From the corner of my eye I saw the boy who had been swimming next to me. He seemed to be riding one of those carnival watersled rides because he was practically sitting up and the current was just taking him along. I could see his face now and he looked familiar to me, like an old acquaintance you meet after many years but cannot quite place.
He was silent. That is what I remember most. The silence. He never screamed or shouted or cried for help. His face had the concentration of a good student taking an important exam. When he got to the falls, he twisted his body, trying to grab onto a branch, and then he was gone without a sound. Suddenly we were both screaming and pointing at nothing, at nothing at all except the rush of water.
The Mexicans did not believe us. They said no boy was missing. No one was missing anyone, but we were hysterical. "Someone went over that fall," we told them. At the same time I could not help thinking how I had done nothing. How that boy had been swimming near me and I had thought to say something and had said nothing. And then I thought how close it had come to being me. If I had gone out just a little farther, it would have been me.
Then our bus driver came toward us slowly, eyes glassy. He clasped in his hands the pink shirt and pink pants of the ticket taker, who had given us our seats. He said nothing. He simply held out the boy's clothes.
It took a while, but a search party was organized. About a dozen young Mexican men stripped down to their shorts and with sticks went to the base of the falls, where they formed a line. We sat on the bank over the falls, watching. Catherine seemed nervous and soon began pacing. But I sat, transfixed, never taking my eyes off the search party. I watched the bodies of young men, bodies so perfect and beautiful that I wanted to touch them as they bent over the water and put their faces in, like divers after mother-of-pearl. They walked and probed as I sat and waited, but no body was found.
A Mexican who seemed to be in charge came over to us. "He is at the bottom of the falls. It has happened here before.
The body will be trapped there forever." The bus driver was in tears now. He knew the boy and his family well. The Mexican shrugged. "We'll keep looking," he said. They searched for two hours while we waited on the bank.
Finally the driver patted me on the shoulder. "Let's go," he said.
"I should have done something," I said to Catherine as we got on the bus. "When we were swimming, I should have said something."
"Be grateful it wasn't you," she said.
"I am, but I should have done something."
Catherine opened up a copy of Tropic of Cancer and read all the way back to Palenque. I tried to talk to her, but she would not discuss the incident with me. She just said, "It wasn't your fault. It was an accident, so forget it."

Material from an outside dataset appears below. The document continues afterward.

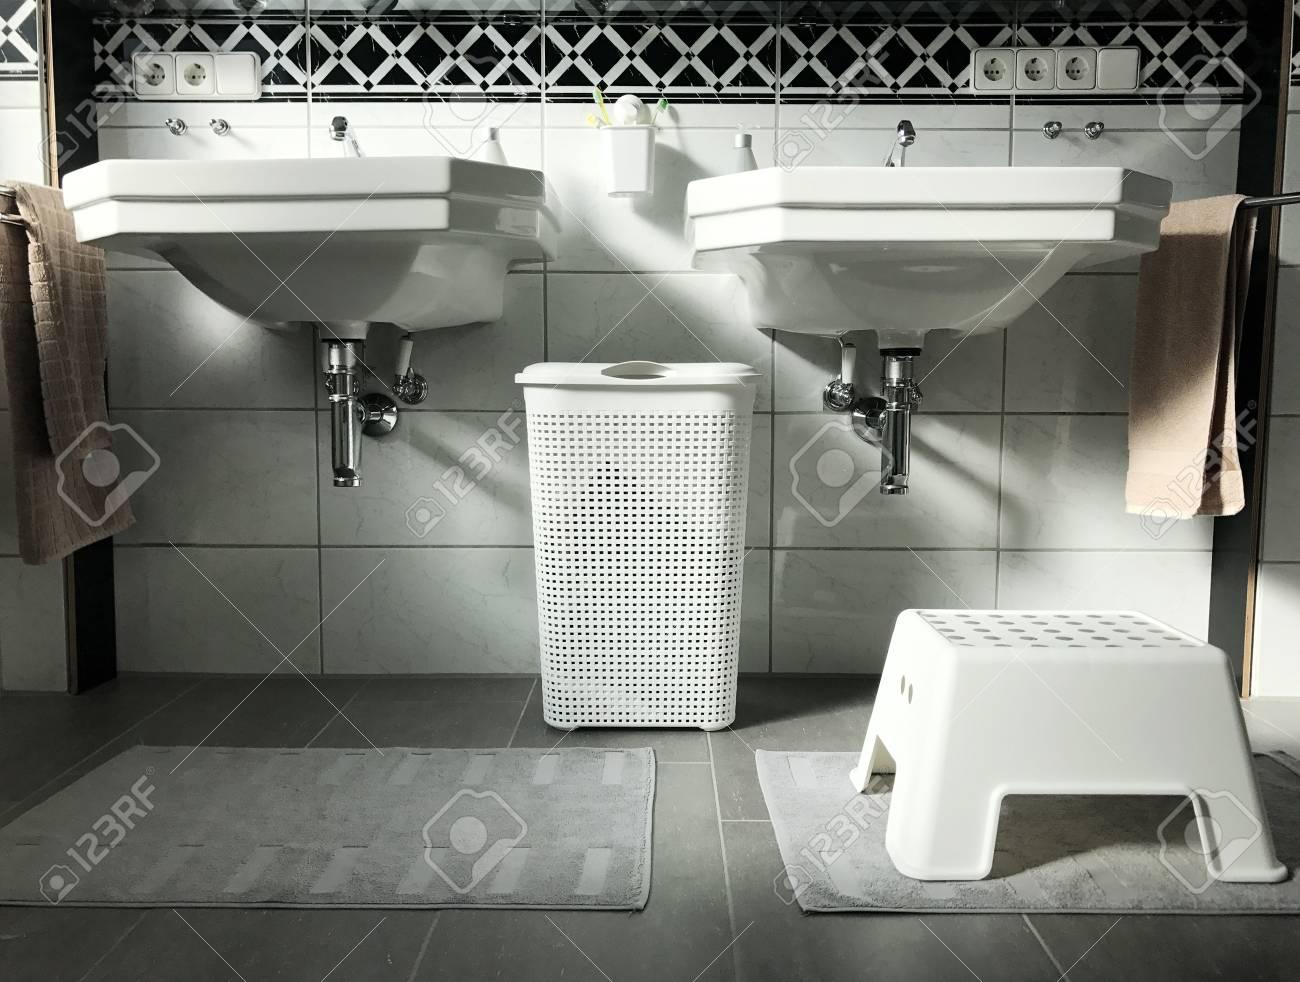 Sala Da Bagno Moderna : Interiore della stanza da bagno moderna in bianco e nero con due

CATCHING THE NIGHT TRAIN TO MÉRIDA FROM Palenque is a little like trying to escape from Casablanca during World War II. Hundreds of campesinos ran about us, fighting to get tickets, pushing in line. Others sat on sacks of rice and potatoes, looking dumbfounded and confused. Some had chickens, goats, lambs, all tied by the feet and struggling to get away. Mayan Indians wandered about. Tourists rushed by, trying to procure nonexistent first-class tickets.

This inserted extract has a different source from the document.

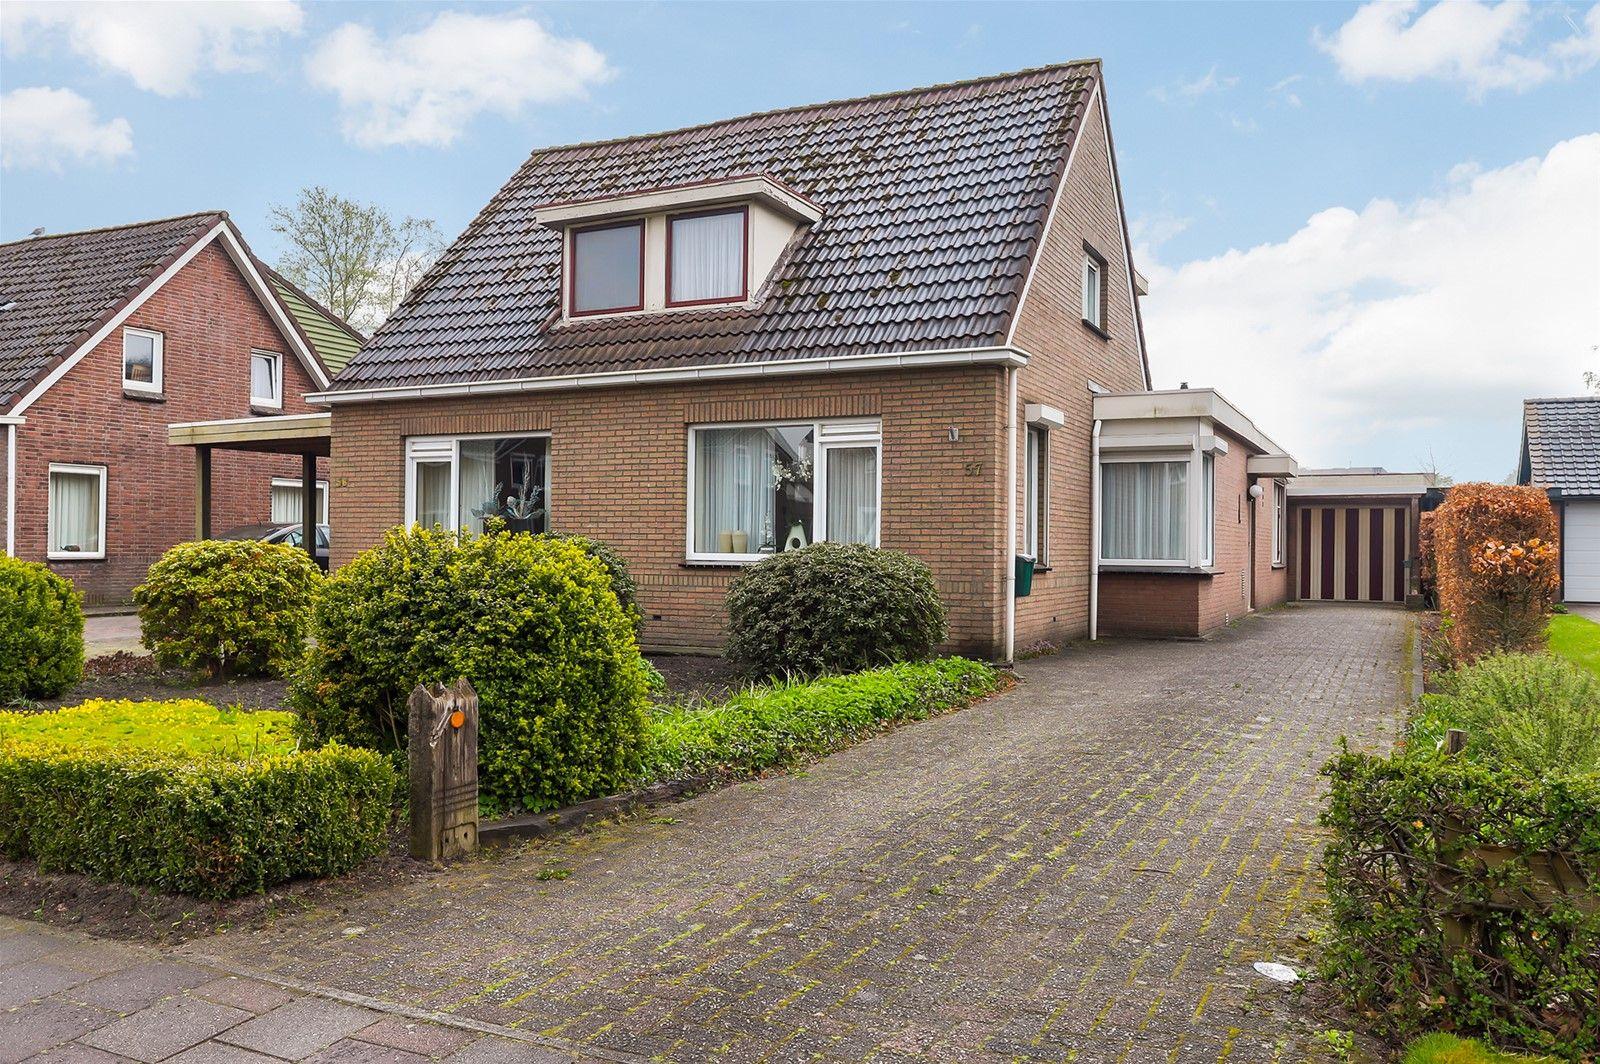 Jhr. M.W.C. de Jongestraat 57, Klazienaveen

Catherine and I had both wanted to leave Palenque after the day at Agua Azul, but now at the train station, I felt dazed and let Catherine take care of things. I sat on our luggage, as if I were not even there. Eventually Catherine returned, displaying two first-class tickets. I have no idea how she got these. I had anticipated spending the night on a sack of flour, but somehow she had managed this. She said we were guaranteed seats, even though they weren't reserved. I needed her to take over at this moment in our trip and I was appreciative.